The medieval system of society collapsed largely because it was founded on the isolation of the producers. The peasants in the country and the craft guilds in the towns were unable to withstand the nation-wide activities of the merchant class. Assuming that by some miracle the workers could again enter into individual possession of the means of production, it would require another miracle to prevent history repeating itself.
Collective production as organised by capitalism is more economical than individual production. Machinery which is used against the workers by the capitalist class so long as they possess it will be used for the workers when, the latter assume possession; but how are the workers to become individually the possessors of machinery? Mr. Belloc does not tell us ! “The workers operate the machines in common; let them be possessed in common.” That is the proposal of the Socialist. A system of society based upon the common ownership of the means of life —that is Socialism; but Mr. Belloc assures us that “there is nothing new nor anything requiring a moment’s study in the proposal” (p. 22).

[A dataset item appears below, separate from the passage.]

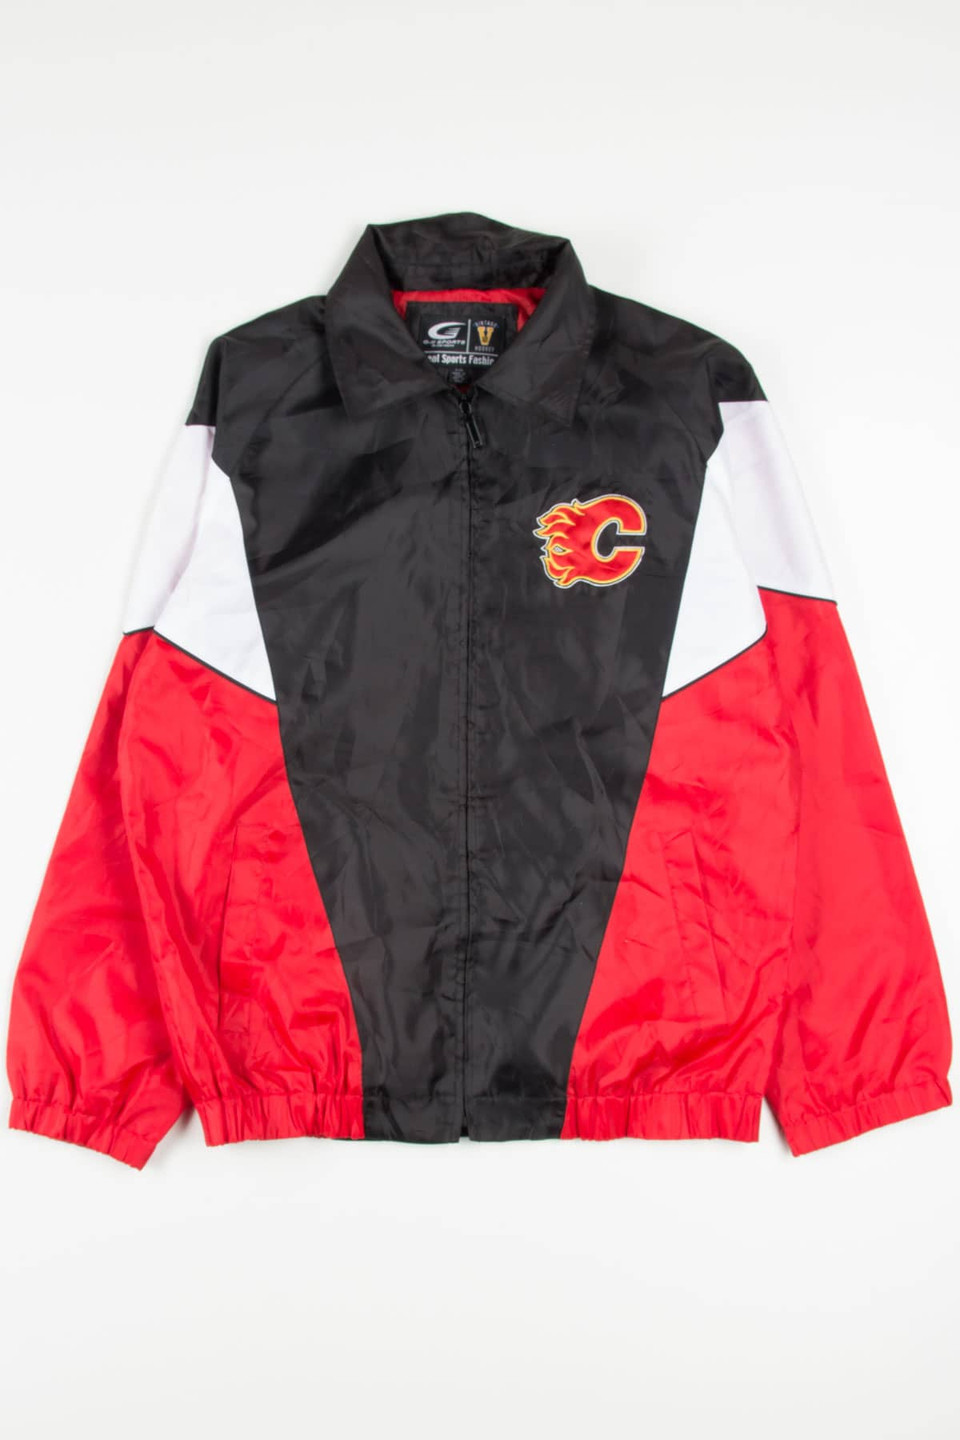 Vintage Calgary Flames Jacket - Ragstock.com

He is not averse, however, to betraying his ignorance. Thus he confuses Marxism with Proudhonism, and describes Marx as a mere populariser of Proudhon’s ideas. Apparently he has never read or even heard of “The Poverty of Philosophy,” in which Marx tore to pieces Proudhon’s “Philosophy of Poverty.” According to Mr. Belloc, Proudhon was brilliant, while Marx was dull. The latter merely “sat down to write a book,” which the former (although “a literary genius”) presumably could not do. It is interesting to note, however, that while the compilers of the “Encyclopaedia Britannica” consider Marx’s theories important enough to devote two or three columns to, they confess their inability to reduce Proudhon’s ideas to any system.

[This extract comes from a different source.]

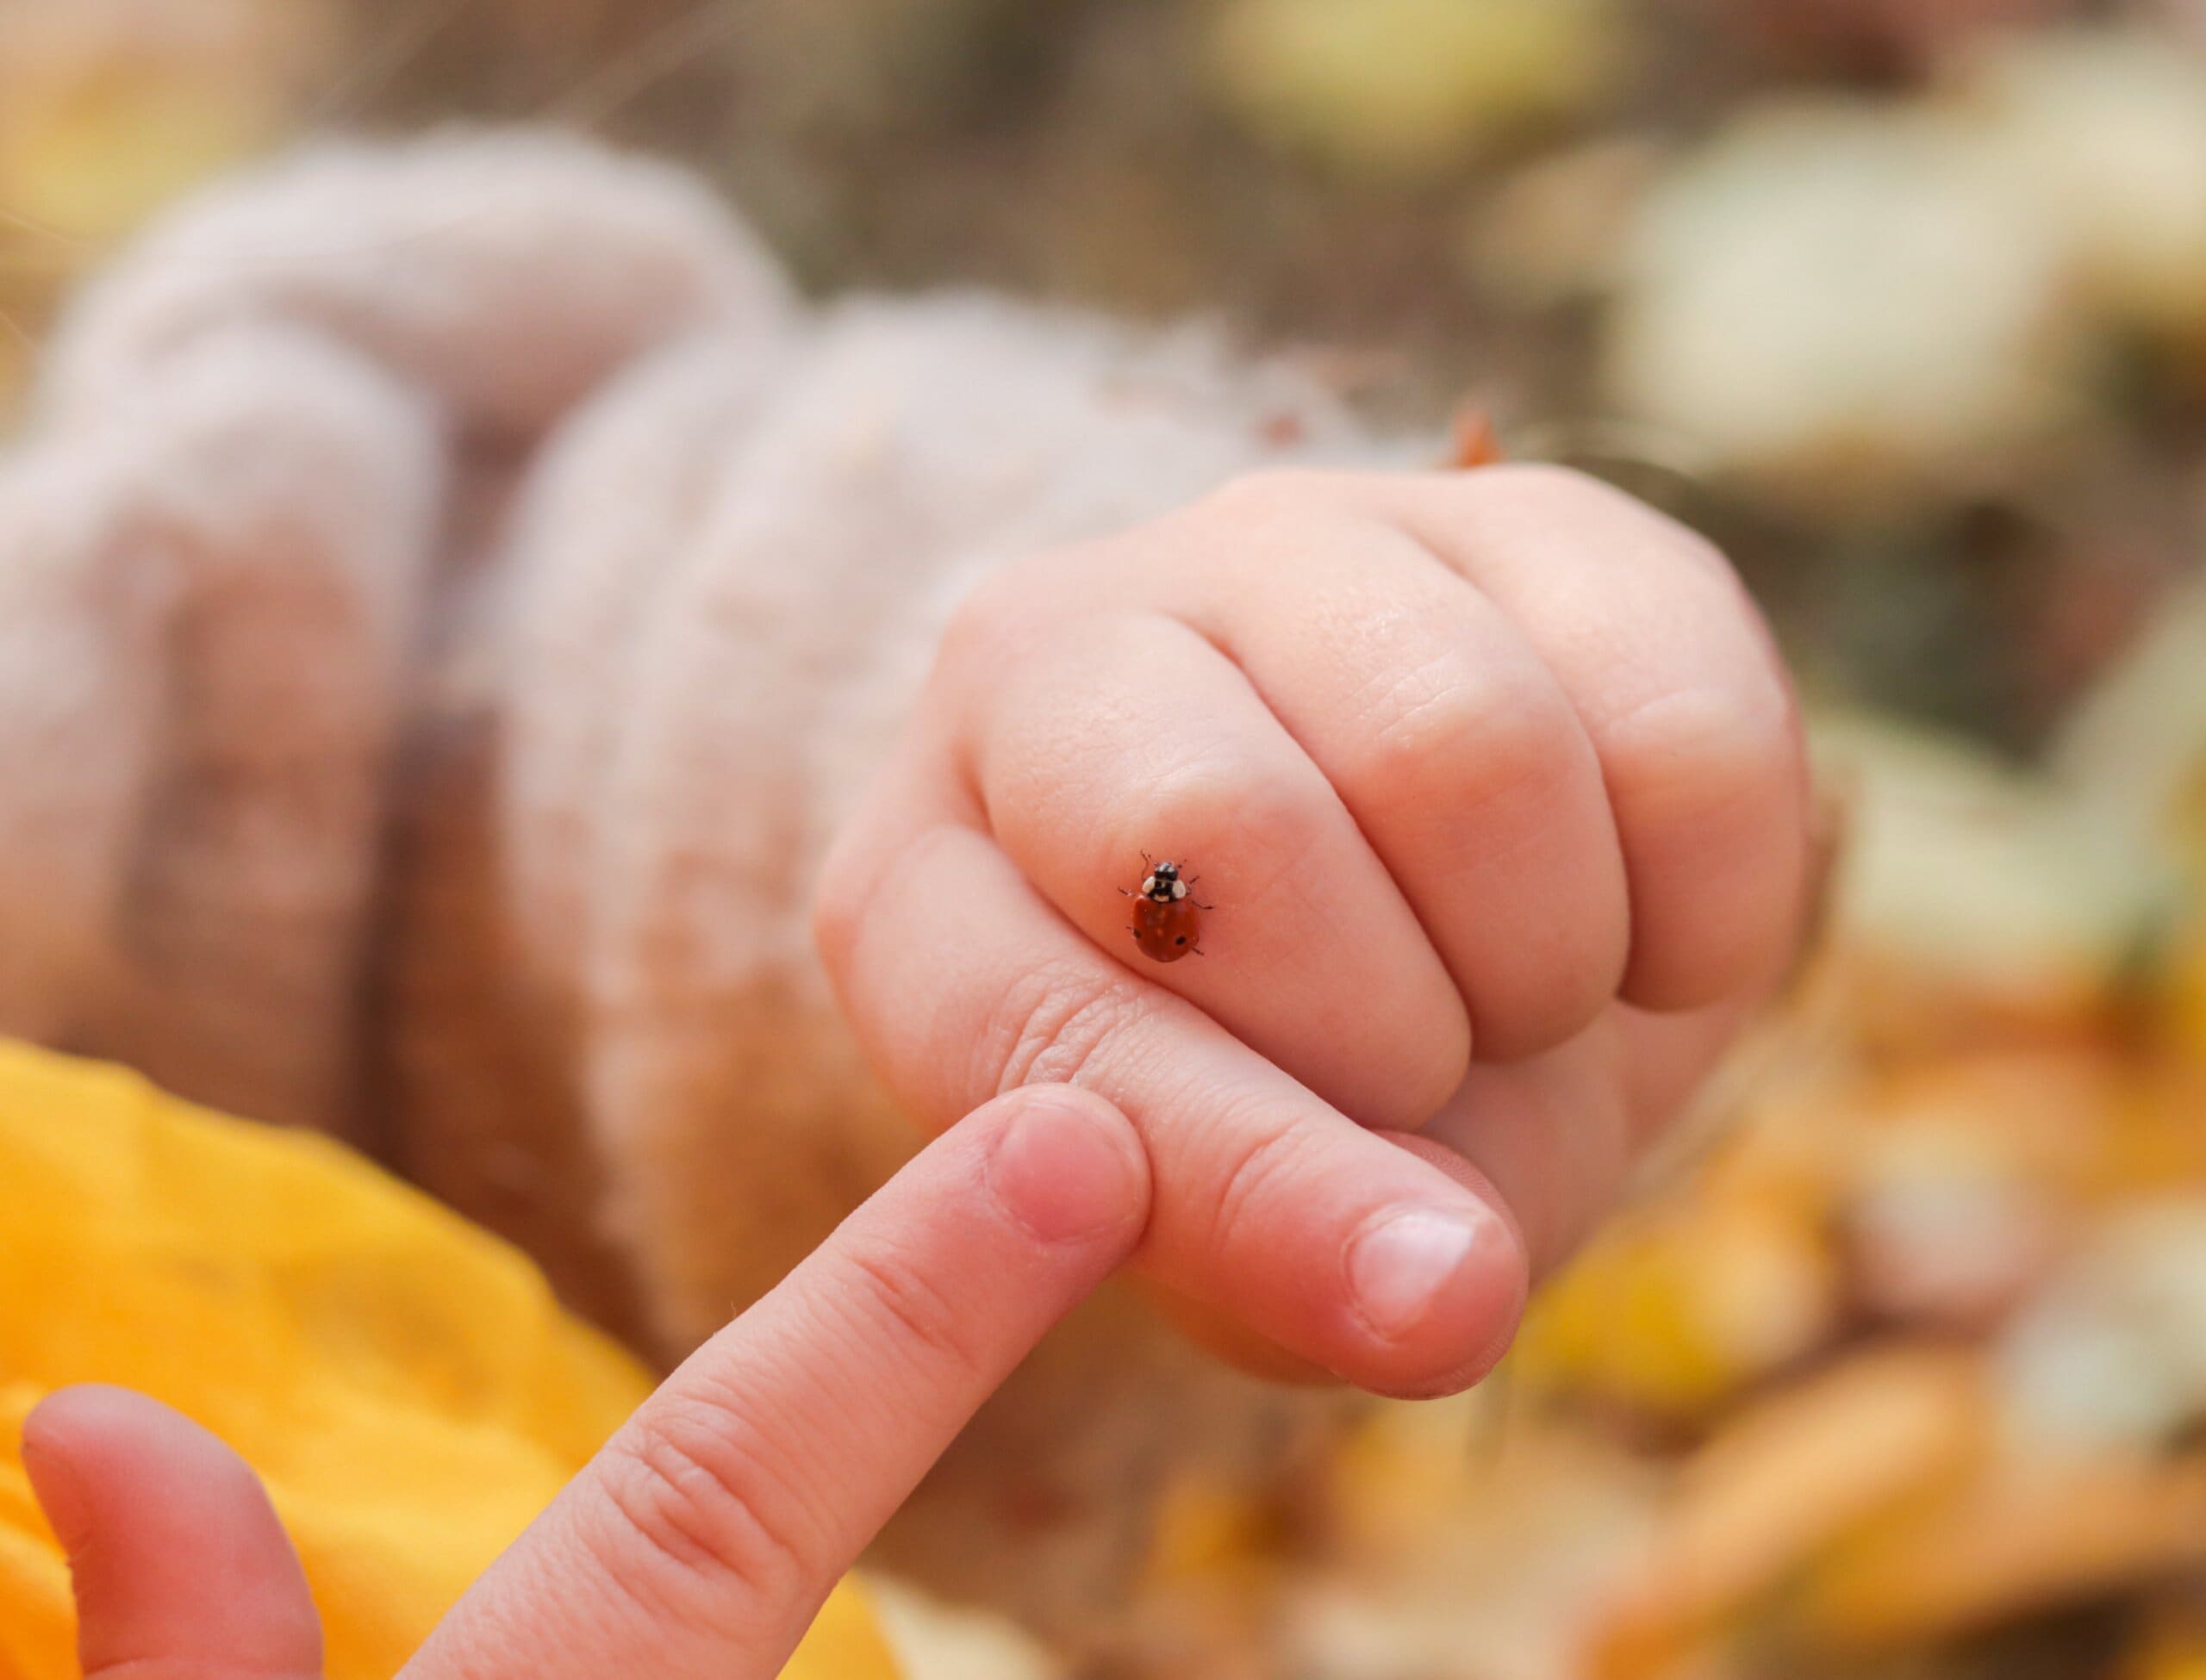 Close-up of ladybug on child's hand on a blurred backround.

The simple fact is that there was a fundamental divergence between the views of the two men. Proudhon took his stand, as Mr. Belloc points out, on the view that private property was immoral under all conditions. Not so Marx. The doctrine of historical materialism formulated by him showed that moral conceptions themselves arose from economic conditions which varied from age to age. While Proudhon, as the spokesman of “eternal justice,” pleaded for an “equal exchange” to abolish exploitation, Marx showed that, on the average, exchange already was equal and that the exploitation took place, not in the realm of exchange, but in that of production! Finally, Marx held that capitalism was doomed, not because it was “unjust” but because it was a fetter on further economic development and inimical to the interests of an ever-increasing majority in society.
Details like these, however, are beneath the notice of smart men like Mr. Belloc. Consequently, he proceeds to confuse materialism with fatalism. To hold that the human will is determined or shaped by the conditions of its existence is to deny its existence! This is his idea of logic !
After this the reader will not be surprised to learn that Mr. Belloc shows a common inability to distinguish between democracy and bureaucracy. He trots out the moth-eaten bogey of despotism. This may indeed prove useful for flattening out the Labour Party and other advocates of “nationalisation”; but our withers are unwrung. The bureaucrats stand or fall with the capitalist class; and, although he would probably not admit it, Mr. Belloc knows that so does the Catholic Church! Hence his animosity to Socialism, his mean, Jew-hating sneers at its scientific founder.
The mother of Marx was no immaculate virgin, but the Son of Mary uttered nothing so inspiring as the slogan—”Workers of the world unite; you have nothing to lose but your chains, you have a world to win.”